Thursday, March 19, 2009

MIP model

Hi,
I am dealing with an optimization task as follows:
1) Tom is given a large box which contains 1000 bags of marbles.
2) Inside each bag, there are between 1 and 50 marbles.
3) Within a given bag, there are no duplicate colors of marbles, however there are duplicate colors of marbles across the bags.
4) The bags are labeled and Tom has a list of what color marbles each bag contains.
Objective:  Tom wants to collect as many UNIQUE colors of marbles as possible, but is only allowed to pick out 100 bags from the box.  Tom derives absolutely no value from getting duplicate colors of marbles.  Tell Tom which 100 bags to pick.
My question:
First of all, is this even a problem that's appropriate for linear programming? I was able to solve this quite simply on a small scale in Excel's Solver, but when I moved over to GLPK I couldn't figure out how to avoid making my objective statement non-linear.  Initially I wrote out the problem like below.  However, glpk complained about having a variable in my if/else statement in the objective function.  I'm still rather new to LP so if someone could tell me whether or not I should even be using LP for this, and if so, I'd appreciate some suggestions on how to model the problem such that GLPK doesn't complain.

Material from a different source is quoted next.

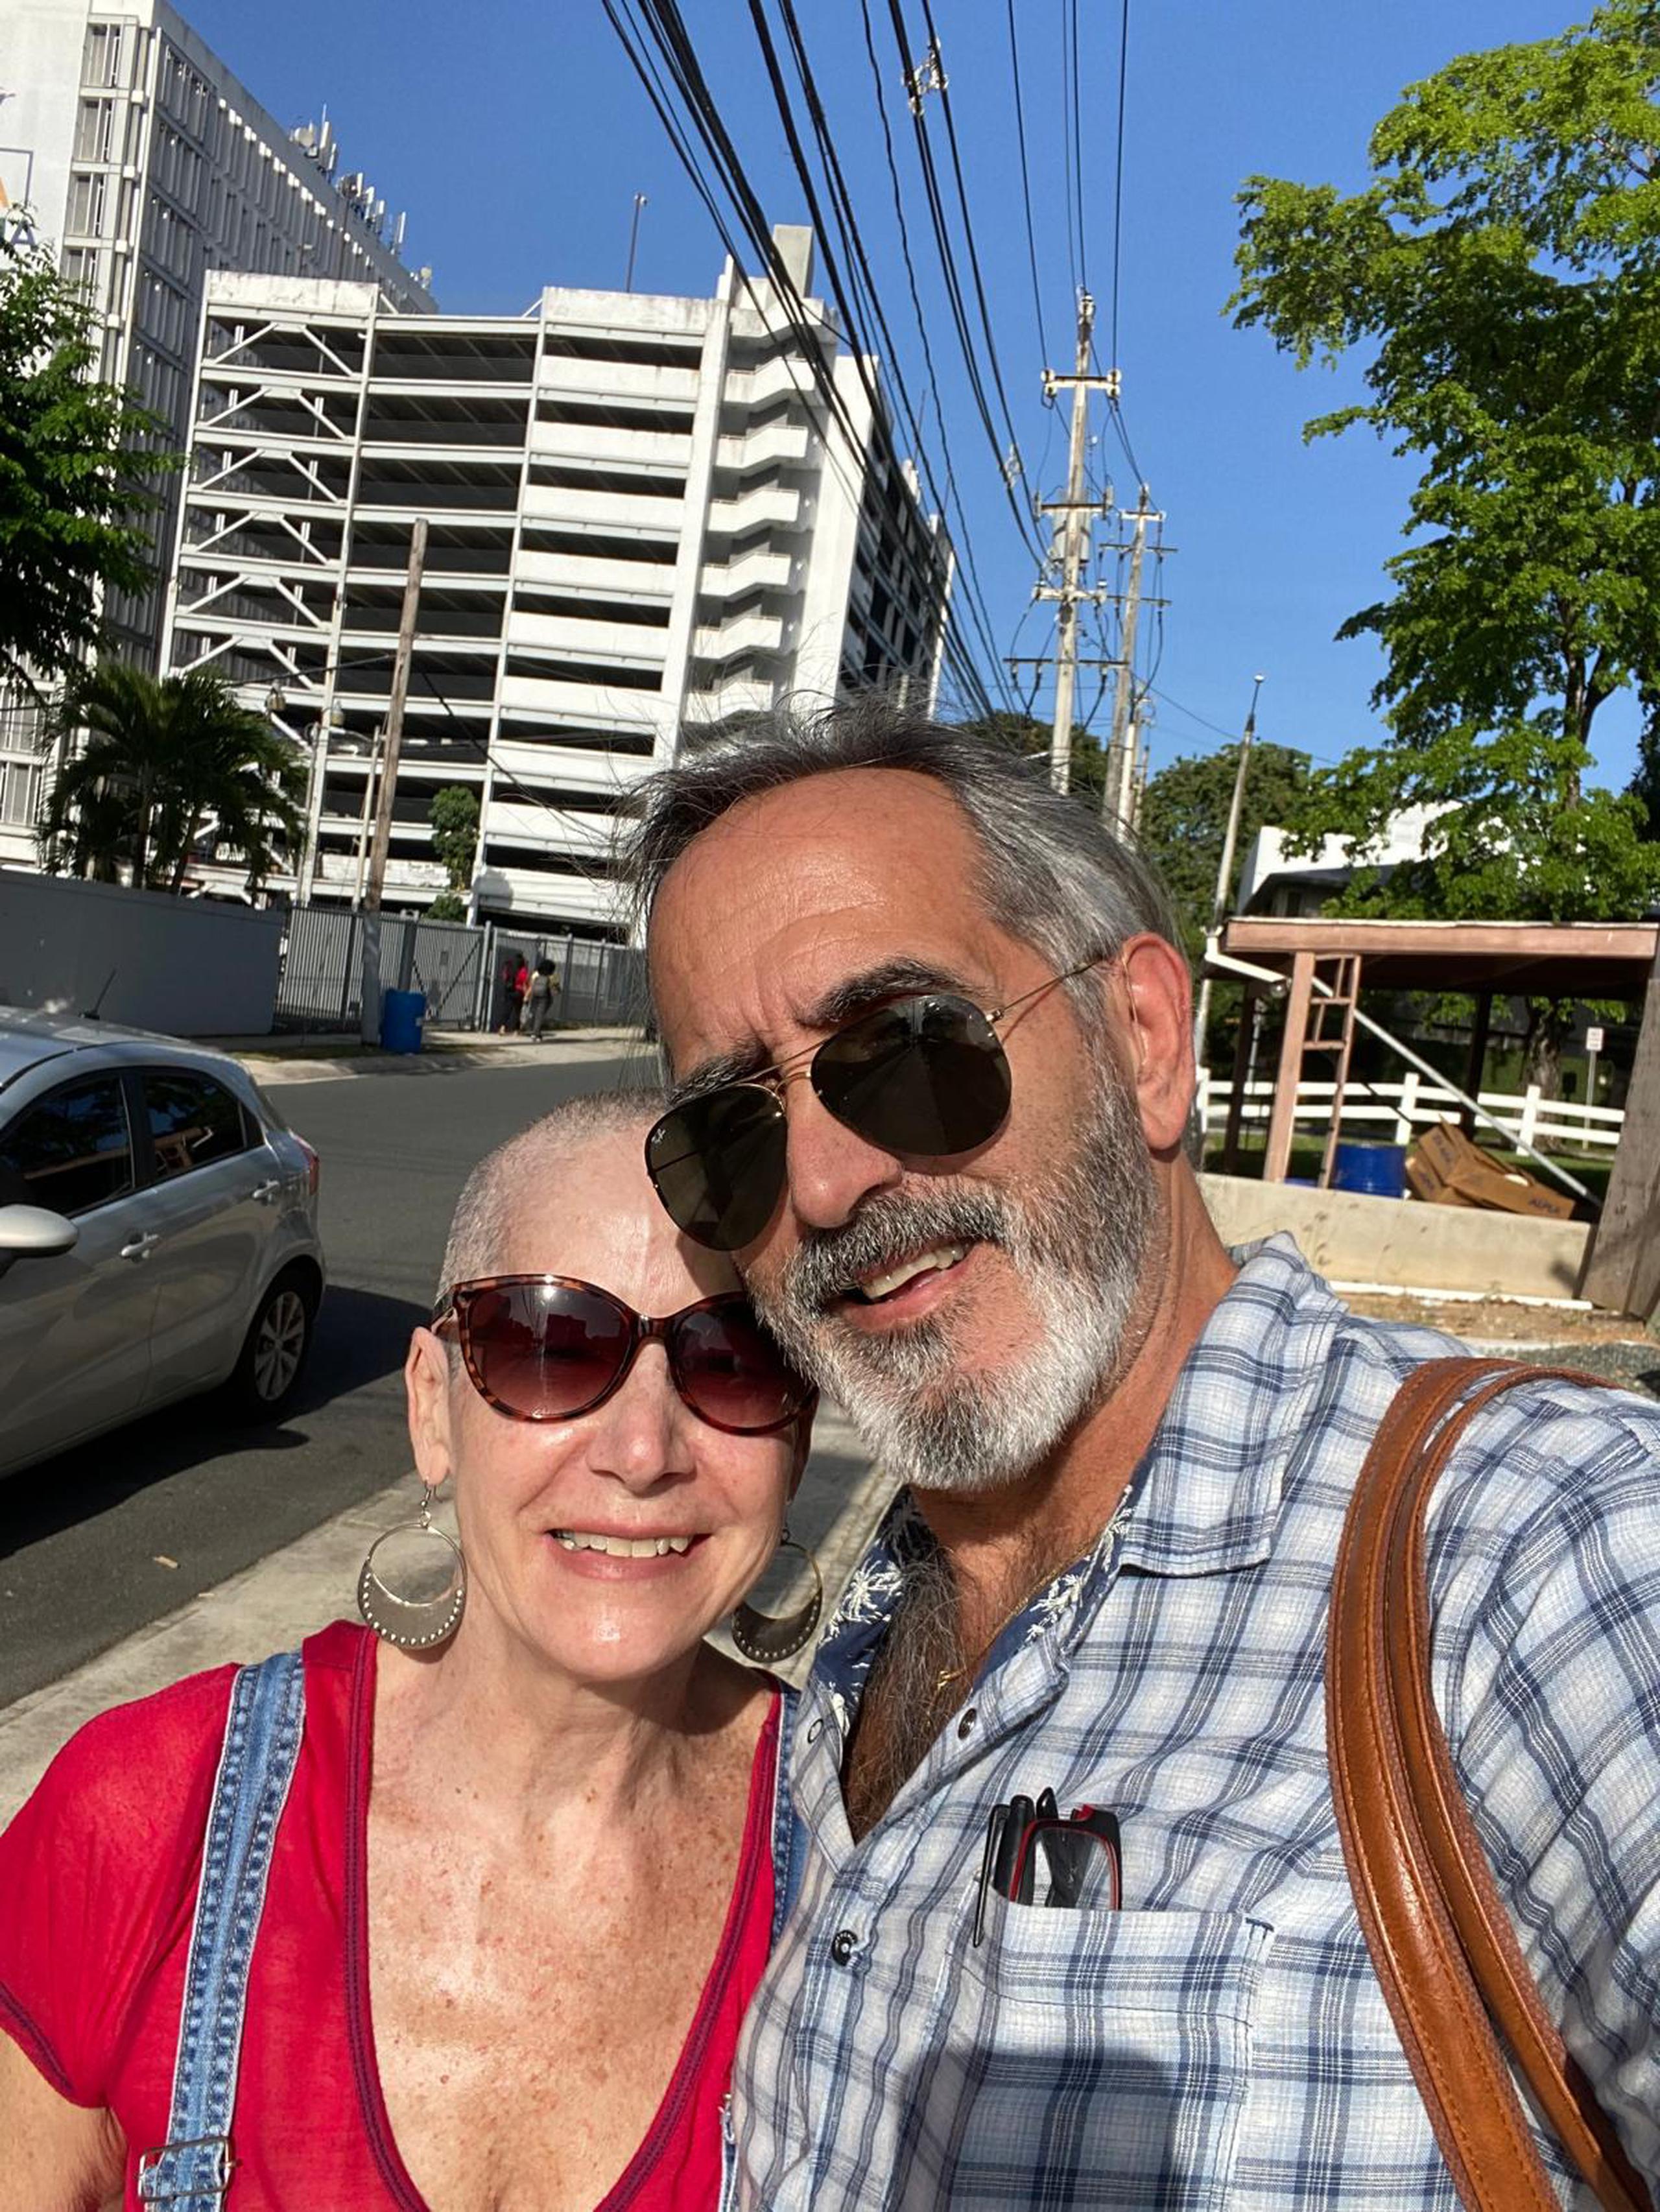 Lo que había sido una amistad por cerca de 14 años entre Marian Pabón y Ronald Borrás, se fortaleció como una relación de pareja durante la enfermedad.

Thanks.
/* sets */
set COLORS;
set BAGS;
/* parameters */
param colors_to_bags {i in COLORS, j in BAGS}
/* decision variables */
var selected_bags {j in BAGS} binary >= 0;
/* objective function */
maximize uniques: sum{i in COLORS} if (sum{j in BAGS} colors_to_bags[i, j] * selected_bags[j]) > 1 then 1 else 0;
/* constraints */
s.t. max_bags: sum{j in BAGS} selected_bags{j} <= 100;
data;
set BAGS := bag1 bag2 .... bag1000;
set COLORS := green yellow blue ...etc; (assume there are many many colors)
/* 1 means the bag contains that color marble, 0 means it does not */
praram colors_to_bags: bag1 bag2 .... bag1000:=
green 0 1 0 0 ...
yellow 0 1 0 1 ...
blue 1 0 0 1 ...
etc. 0 1 1 0 ...;
end;

You need to introduce an extra variable have_color[i]:

var have_color{i in COLORS} binary;

/* all colors_to_bags[i,j]*selected_bags[j] = 0 =>have_color[i]=0 */
eq1{i in COLORS}: have_color[i] <= sum{j in BAGS} colors_to_bags[i,j]*selected_bags[j];

/* any colors_to_bags[i,j]*selected_bags[j] = 1 =>have_color[i]=1 */
eq2{i in COLORS, j in BAGS}: have_color[i] >= colors_to_bags[i,j]*selected_bags[j];

Then the obj becomes:

maximize uniques: sum{i in COLORS} have_color[i];

You can improve performance by relaxing have_color to be a continuous variable between 0 and 1 (it is automatically integer). In addition you may drop eq2 as you are maximizing this anyway. We are lucky: eq2 is adding many equations.